Литмир - Электронная Библиотека
A
A

Жако возмущенно передернул плечами:

— Вот проклятие! На что только не приходится соглашаться…

Иньяс достал свой аккордеон, и привычные звуки жава наполнили зал. Кавалеры подошли к дамам.

Парии тихо переговаривались, они были серьезны и немного робели на этом балу, который сами устроили.

Жюльен и Жако взяли в оборот Тьена. Механик сказал им, что у Дюжардена в гараже стоит подержанная машина, «не больно красивая, но здоровенная, вроде танка»; она, правда, сейчас в плохом состоянии, но стоит ее немного подремонтировать — и машина будет хоть куда. Дюжарден, пожалуй, уступит ее за двадцать тысяч, но что скажут люди? Забастовщики собирают деньги на пропитание, а сами покупают автомобили. Жако возразил, что они купят машину вскладчину после забастовки. Он прекрасно понимал, что Тьену не очень‑то хочется вести переговоры со своим хозяином. Парень согласился на это, только когда Жако весьма кстати заметил, что ни у кого из ребят нет прав и все удовольствие водить машину достанется именно ему, Тьену.

На площадке кружилось всего лишь несколько пар. Парни из Гиблой слободы и Шанклозона были слишком озабочены организацией бала, чтобы танцевать самим.

Жако упрекнул Милу, что его теперь совсем не видно. Он, верно, очень занят ухаживанием за Сильви Торен. Милу живо возразил, что это Жако стал неуловим. Когда ни спросишь, где он, в ответ всегда одно и то же: «Мсье Леру на собрании», или «в профсоюзе», или «отбыл с делегацией…»

Жако внимательно разглядывал свои ладони. Он соскреб ногтем цемент, въевшийся в «линию жизни», и принялся шлифовать большим пальцем шрам на правой руке.

— Тебя опять уволили, — проговорил он.

— Кто тебе сказал?

Продолжая тереть свой шрам, Жако внимательно посмотрел на приятеля.

Тогда Милу взвился: ясное дело, все думают, будто он ни на что не годен, если его отовсюду выгоняют, но разве он виноват, что вечно «попадает впросак». Хозяева требуют, чтобы ты сразу же вошел в курс дела, сразу оказался на высоте. Но это нелегко, иногда даже выше человеческих сил.

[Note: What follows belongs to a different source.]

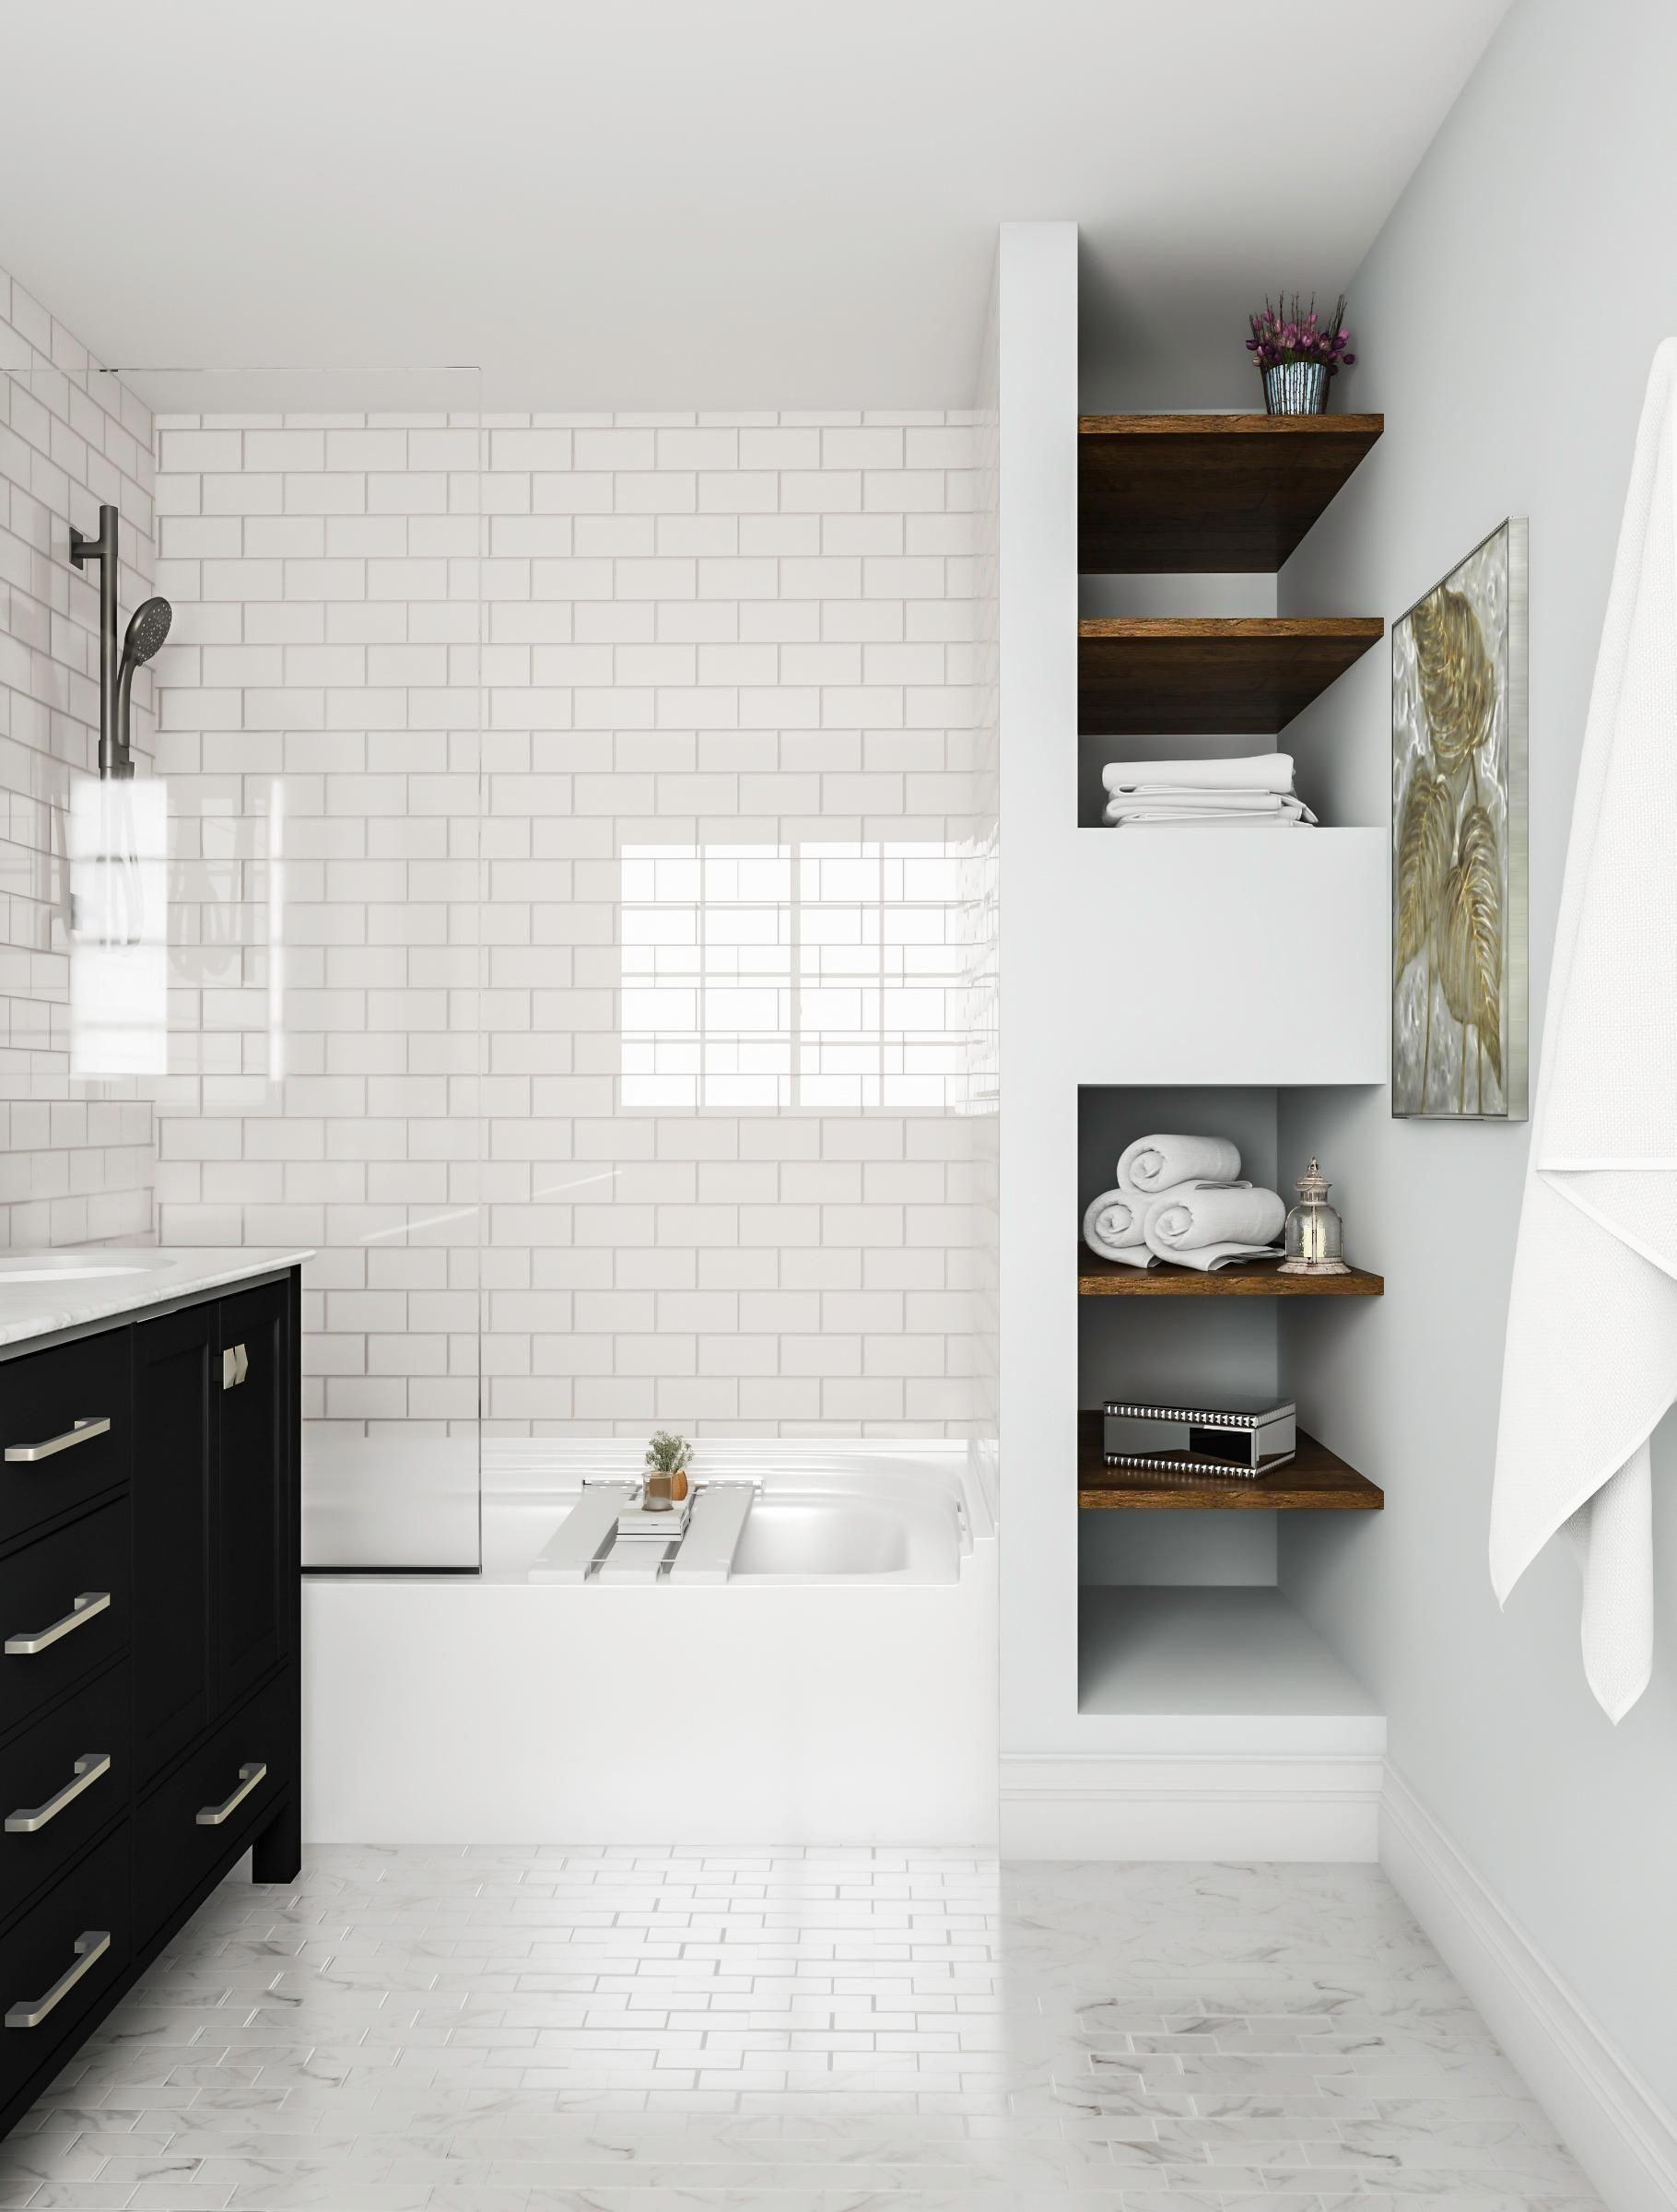 Cute Bathroom Sets Bathroom Accessories Near Me Green And Brown Bathroom Set 20190123 Bathrooms Remodel Trendy Bathroom Small Bathroom

Хозяевам же на все наплевать: если ты им не подходишь, они выкидывают тебя на улицу и берут на твое место одного из тысяч безработных парней. Милу вдруг прервал себя и крикнул Жако:

— Что ты делаешь? С ума сошел?

— Пустяки, — холодно ответил Жако.

Он так ожесточенно тер свой шрам, что случайно поцарапал ногтем еще тонкую, нежно — розовую кожицу. Выступили три капельки крови и сразу же слились в одну красную полоску. Жако пососал ранку и, спрятав руки в карманы, повторил:

— Пустяки. Так о чем ты говорил?

— Почему ты сегодня без своего белого кашне? — спросил Милу, чтобы сказать что‑нибудь.

— Да так. Иногда мне кажется, что я в нем глупо выгляжу.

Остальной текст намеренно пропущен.